Marital dissolution cases in Minnesota involve a number of procedural elements. Here is a summary, from case inception through appeal:
- Filing: Once the Summon and Petition are served upon a party, the action may be filed with the Court.
- ICMC: First interaction with the Court is an Initial Case Management Conference. This is an informal conference to determine the issues and how to best proceed. Parties can elect ENE or traditional litigation.
- ENE: Early Neutral Evaluation occurs, if the parties agree to participate. There are two types: (1) social early neutral evaluation (SENE) for custody and parenting time issues; (2) financial early neutral evaluation (FENE) for financial issues.
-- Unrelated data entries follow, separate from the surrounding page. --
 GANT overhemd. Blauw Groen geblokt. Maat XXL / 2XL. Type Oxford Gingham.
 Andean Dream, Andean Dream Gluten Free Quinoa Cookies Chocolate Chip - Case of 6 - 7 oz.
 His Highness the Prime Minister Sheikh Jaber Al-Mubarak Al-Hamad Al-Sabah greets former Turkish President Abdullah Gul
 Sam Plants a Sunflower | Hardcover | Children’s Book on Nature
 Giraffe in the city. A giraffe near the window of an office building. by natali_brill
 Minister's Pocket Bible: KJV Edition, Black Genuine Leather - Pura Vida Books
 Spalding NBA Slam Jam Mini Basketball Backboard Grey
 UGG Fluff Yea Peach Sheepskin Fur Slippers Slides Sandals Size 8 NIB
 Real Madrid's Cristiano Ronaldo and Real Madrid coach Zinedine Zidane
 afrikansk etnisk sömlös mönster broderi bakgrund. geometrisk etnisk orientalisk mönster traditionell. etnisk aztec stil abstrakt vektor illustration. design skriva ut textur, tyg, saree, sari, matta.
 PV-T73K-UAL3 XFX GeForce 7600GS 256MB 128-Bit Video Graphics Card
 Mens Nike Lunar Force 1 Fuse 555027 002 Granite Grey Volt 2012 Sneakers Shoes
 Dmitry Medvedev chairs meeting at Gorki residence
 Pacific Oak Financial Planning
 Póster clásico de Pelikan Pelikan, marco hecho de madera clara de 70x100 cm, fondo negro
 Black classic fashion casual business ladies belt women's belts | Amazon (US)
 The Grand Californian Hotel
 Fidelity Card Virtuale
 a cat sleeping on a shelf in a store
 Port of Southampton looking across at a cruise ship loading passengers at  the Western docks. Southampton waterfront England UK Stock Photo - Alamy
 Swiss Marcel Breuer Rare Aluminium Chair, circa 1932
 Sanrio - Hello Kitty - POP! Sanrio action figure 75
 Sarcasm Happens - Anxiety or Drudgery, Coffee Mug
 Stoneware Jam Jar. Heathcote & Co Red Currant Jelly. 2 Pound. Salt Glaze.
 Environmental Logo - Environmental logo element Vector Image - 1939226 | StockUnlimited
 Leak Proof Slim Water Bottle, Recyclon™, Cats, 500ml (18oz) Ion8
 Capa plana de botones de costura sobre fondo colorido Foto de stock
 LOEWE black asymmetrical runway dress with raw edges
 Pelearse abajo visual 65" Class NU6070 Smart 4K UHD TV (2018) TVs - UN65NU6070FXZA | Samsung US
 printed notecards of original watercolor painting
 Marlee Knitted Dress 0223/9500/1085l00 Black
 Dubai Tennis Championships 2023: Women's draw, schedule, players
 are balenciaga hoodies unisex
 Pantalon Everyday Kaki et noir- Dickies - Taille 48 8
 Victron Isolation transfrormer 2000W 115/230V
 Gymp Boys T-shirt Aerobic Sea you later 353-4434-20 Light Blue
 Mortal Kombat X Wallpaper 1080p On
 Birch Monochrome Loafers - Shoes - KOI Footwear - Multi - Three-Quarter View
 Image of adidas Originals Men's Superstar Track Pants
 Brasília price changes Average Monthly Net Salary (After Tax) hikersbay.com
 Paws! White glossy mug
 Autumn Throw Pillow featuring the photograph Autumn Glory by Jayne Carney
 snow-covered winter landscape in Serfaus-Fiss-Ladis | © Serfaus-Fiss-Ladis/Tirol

- Temporary Motion: If ENE fails, or the parties don’t participate, a Motion for Temporary Relief may be scheduled. Custody, child support, possession of property, allocation of debt, spousal maintenance and case fees and costs will be addressed on a temporary basis.
- Discovery: Parties formally exchange information or hire experts to assist with complex issues.
- Pre-Trial: The parties negotiate at the courthouse, after discovery is complete, with input from the judge.
- ADR: Anytime prior to trial, the parties may elect to participate in alternative dispute resolution, such as mediation, arbitration or a moderated settlement conference.
- Trial: In the absence of settlement, the matter will be tried to a judge. There are no jury trials in family court.
- Appeal: If either party is dissatisfied with the outcome, they have the right to appeal.